10. An audio super-resolution model training device, characterized in that, include: The sample acquisition module is used to acquire multiple super-resolution data pairs, each of which includes a low-resolution waveform signal and a high-resolution waveform signal representing the same audio. The path generation module is used to establish a solvable path from the low-resolution waveform signal to the high-resolution waveform signal for each super-resolution data pair using the Schrödinger bridge model; The audio super-resolution model training module is used to train the Schrödinger bridge model to be trained based on the solvable path, so as to obtain the trained Schrödinger bridge audio super-resolution model.
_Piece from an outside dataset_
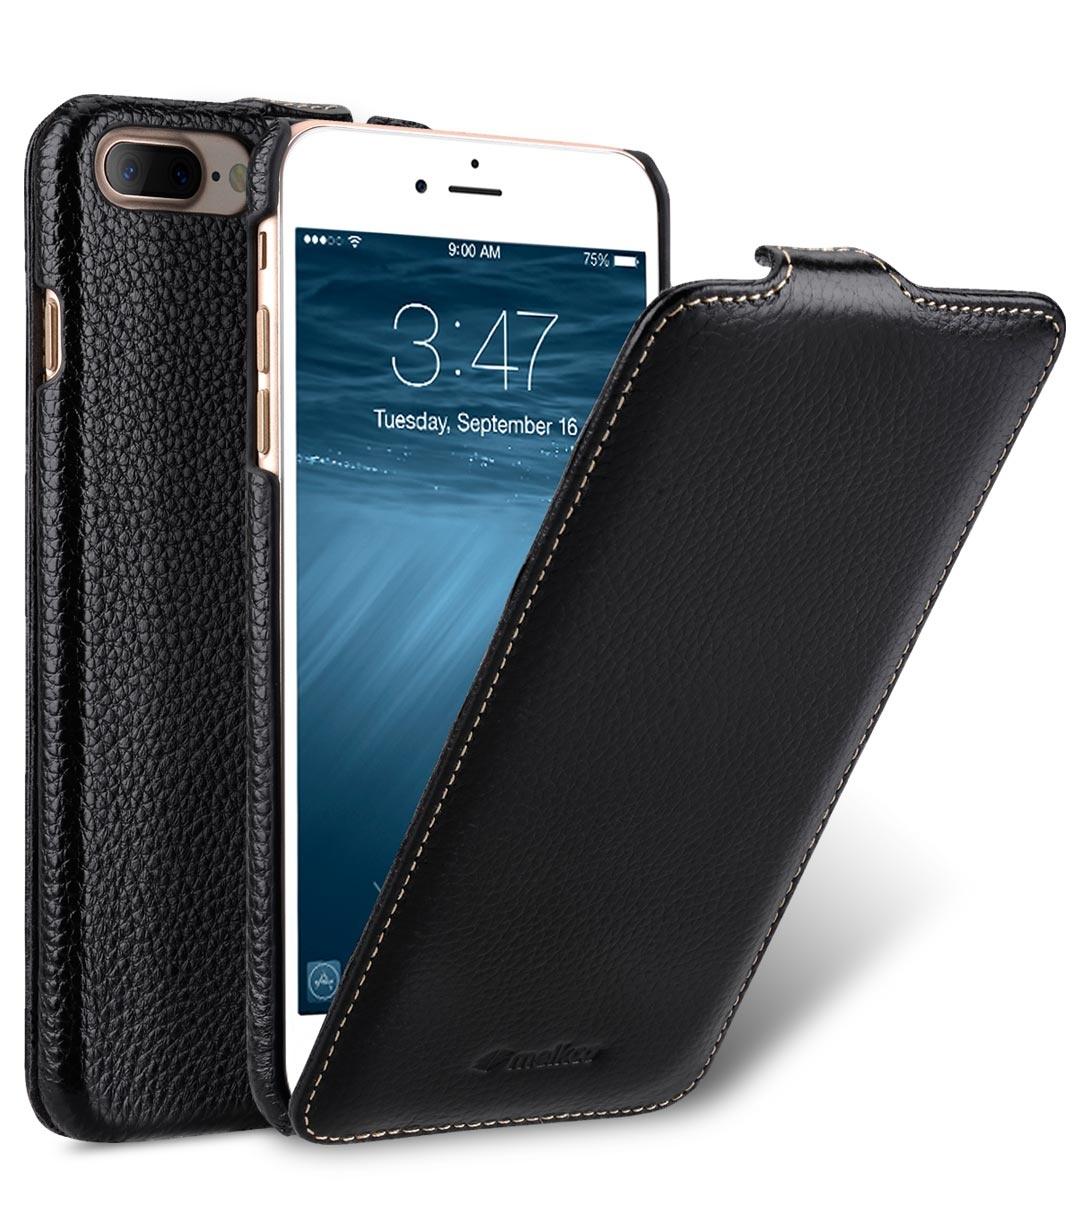 Чехол для сотового телефона Melkco Кожаный чехол флип для Apple iPhone 8 Plus/7 Plus - Jacka Type, черный

11. An audio super-resolution processing device, characterized in that, include: The acquisition module is used to acquire the low-resolution signal to be processed. The adjustment module is used to interpolate the low-resolution signal to be processed using a linear interpolation algorithm to obtain the generated prior information; The generation module is used to generate a high-resolution target waveform based on the prior information and using a trained Schrödinger bridge audio super-resolution model. The trained Schrödinger bridge audio super-resolution model maintains the low-frequency information in the prior information unchanged in each sampling step of generating the high-resolution target waveform.

12. A computer-readable storage medium storing a computer program for performing the method according to any one of claims 1-9.

13. An electronic device, the electronic device comprising: processor; Memory used to store the processor's executable instructions; The processor is configured to read the executable instructions from the memory and execute the instructions to implement the method described in any one of claims 1-9.